Style transfer can be formulated as generating a stylized image $p$ whose content is similar to a given content image $c$ and its style is close to another given style image $s$ .

$p = Ψ (c, s)$

The similarity in style can be vaguely defined as sharing the same spatial statistics in low-level features of a network (use VGG-16 in this paper), while similarity in content is roughly having a close Eculidean distance in high-level features.

The main idea is that the features obtained by the network contain information about the content of the input image while the correlation between these features represents its style.

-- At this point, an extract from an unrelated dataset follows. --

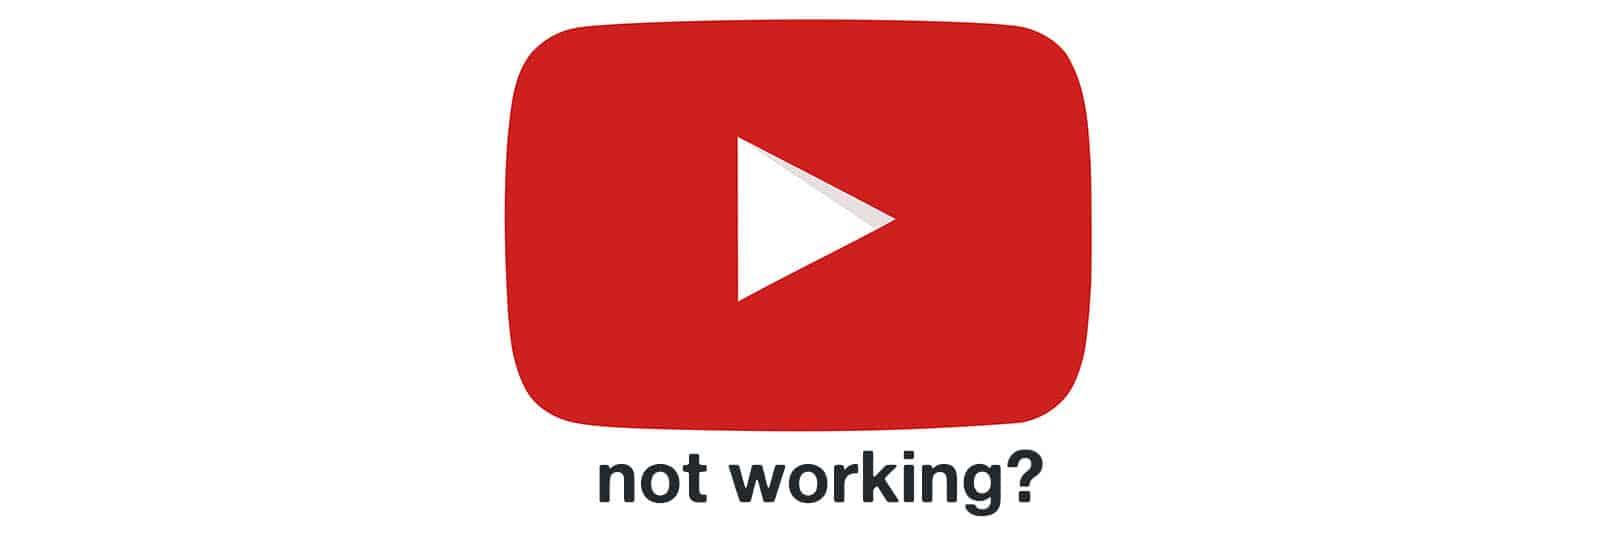 youtube-app-not-working
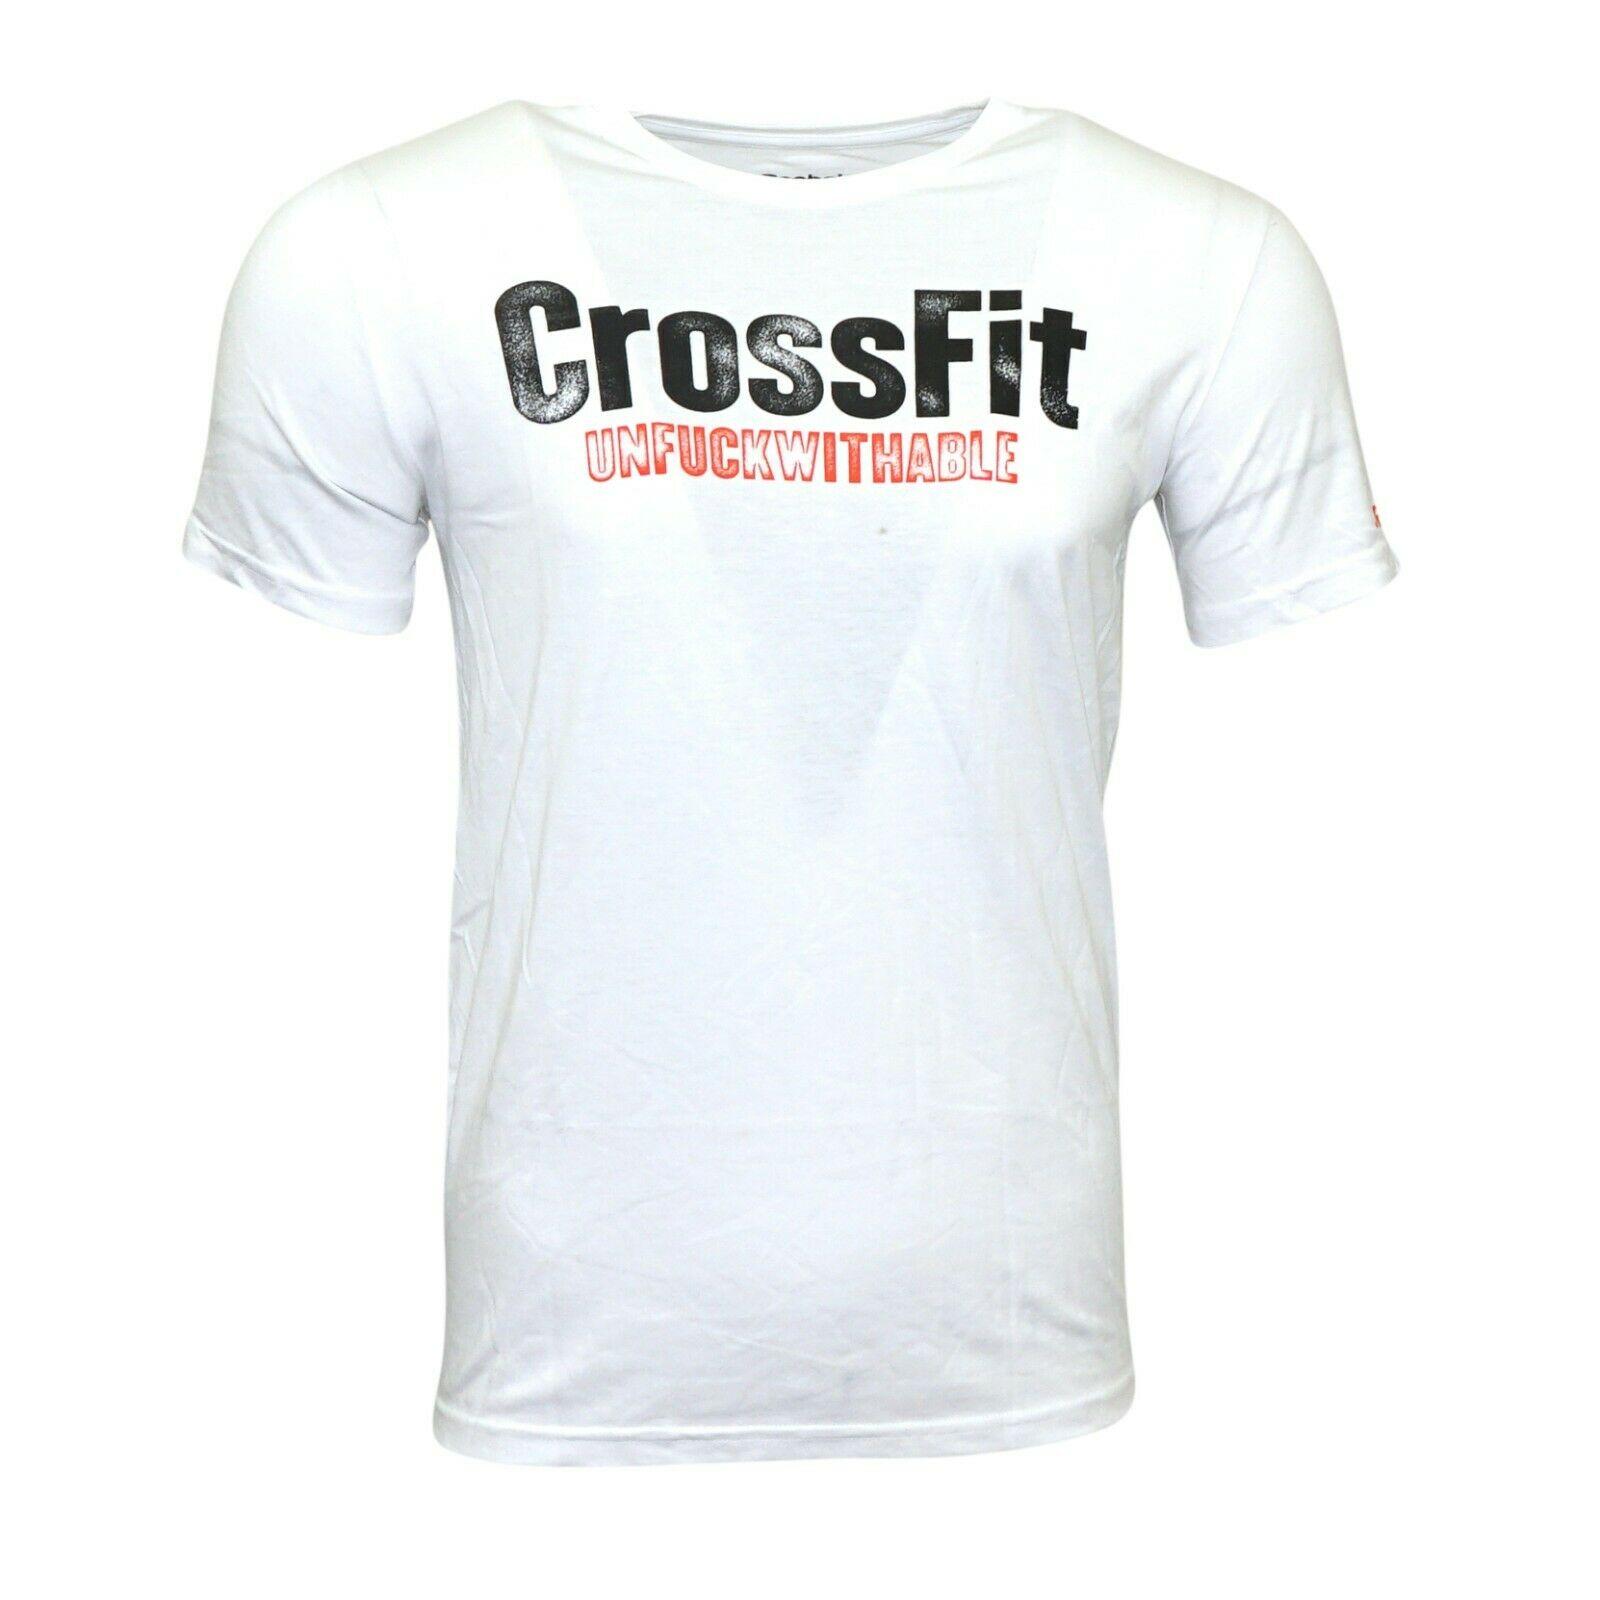 Camiseta Reebok Crossfit Graphic  - Rei do Wod

In order to increase the similarity between two images, minimize the following distances between their extracted features:

$\begin{array}{l} L_{c}^{l} (p) = ‖ ϕ^{l} (p) - ϕ^{l} (s) ‖_{2}^{2} \dots E q . (1) \\ L_{c}^{l} (p) = ‖ G (ϕ^{l} (p)) - G (ϕ^{l} (s)) ‖_{F}^{2} \dots E q . (2) \end{array}$

where

$ϕ^{l} (x)$ : Activation of a pre-trained network at layer $l$ .
- $x$ : Given the input image.
$L_{c}^{l} (p),; L_{c}^{l} (p)$ : Content and style loss at layer $l$ respectively.
$G (ϕ^{l} (s))$ : Gram matrix associated with $ϕ^{l} (p)$ .
- Gram matrix $G_{i j}^{l} = \sum_{k} ϕ_{i k}^{l} ϕ_{j k}^{l}$ : Variance of RGB between image textures.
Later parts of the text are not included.